Sharing his story with Anadolu Agency (AA), Kılıçarslan said he strengthened his arms by doing hard work in a village as he could not use his leg since childhood.Kılıçarslan said he was a good student and that he got into the teacher's high school after winning the public boarding school exam in middle school. He mentioned that because of his disability, he did not end up going to the teacher's high school and was later enrolled in a normal high school for this reason.
Kılıçarslan said after getting a law degree and then graduating from college, he took up a career as a lawyer.
Kılıçarslan also mentioned that with the help of his friends he started nature walks at the age of 45, followed by mountain climbing, adding that he has climbed the top of close to 30 mountains so far, including Mount Ararat two times and Mount Erciyes 16 times. Pointing to Mount Everest as his next target, Kılıçarslan said he wants to climb Everest if he can find a sponsor, stressing that he feels ready for this climb. "No disabled person from Turkey has been able to do this. I want to be a first in this regard," he added.
He recalled that one of his friends wrote a book about climbing Everest. "I cannot climb up the stairs even one step by stepping on my disabled foot.
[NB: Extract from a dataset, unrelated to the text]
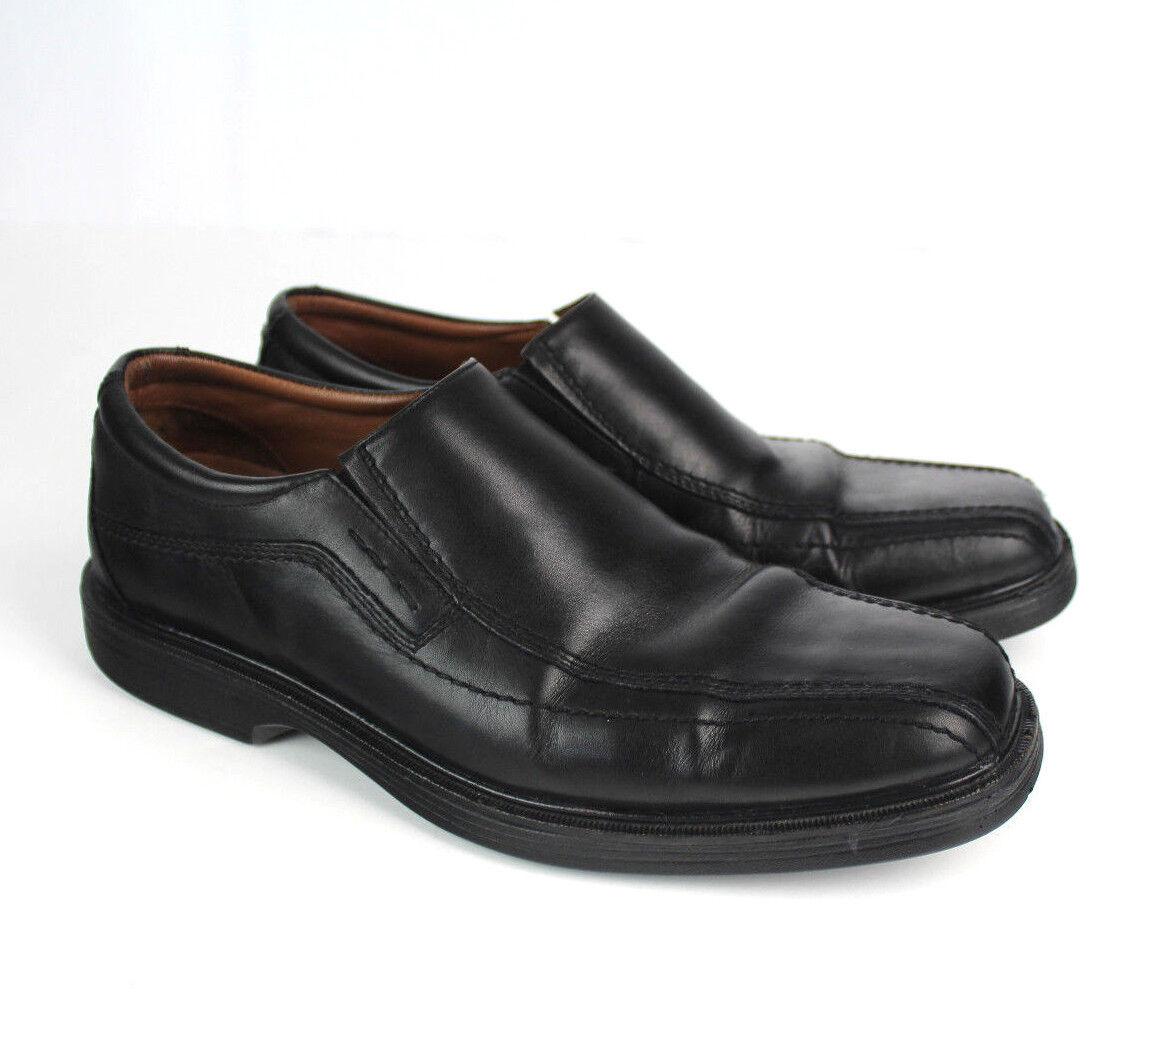 144 Johnston & Murphy Dress Shoes Size 9 Uomo Loafer XC4 Sheepskin Slip-On

I clearly walk with a limp. The doctors told me that because of the weakness in my hip bone, too much walking would hurt my backbone, because I was walking unevenly. In the first years I started walking 5 kilometers. After that, I raised the walking distance to 50 kilometers a day. Over time I started mountain climbing," Kılıçarslan continued. "In 2011, I climbed the top of Mount Ararat and went back to Ararat a year later. I reached the summit with a friend who turned this climb into a book under the title of 'Yok Hükmünde Ağrı Dağı Tırmanışı' ['Null and Void Climbing Up Mount Ararat']."
Noting that the reason behind the concept of "Null and Void" is that the state ignored them in the past, Kılıçarsaln said there used to be articles inhibiting the employment of people with disabilities in Turkey, adding that anyone who wants to be a teacher should not have any disabilities to be able to serve in every corner of the country under all conditions. "By climbing Mount Ararat, I wanted to give a message to those who did not accept me to the teacher's school back then," he said.
Kılıçarslan said he quit smoking before starting the nature walks. "I started smoking in my professional life for close to 30 years and stayed away from sports. With a decision I made in 2007, I quit smoking and started climbing. Then I realized that the main disability is not my leg, but cigarettes," Kılıçarslan said, stressing that when he quit smoking he was so relieved that he felt like he was freed from his disability. "As long as I stay healthy, I want to continue mountain climbing and nature walks," he concluded.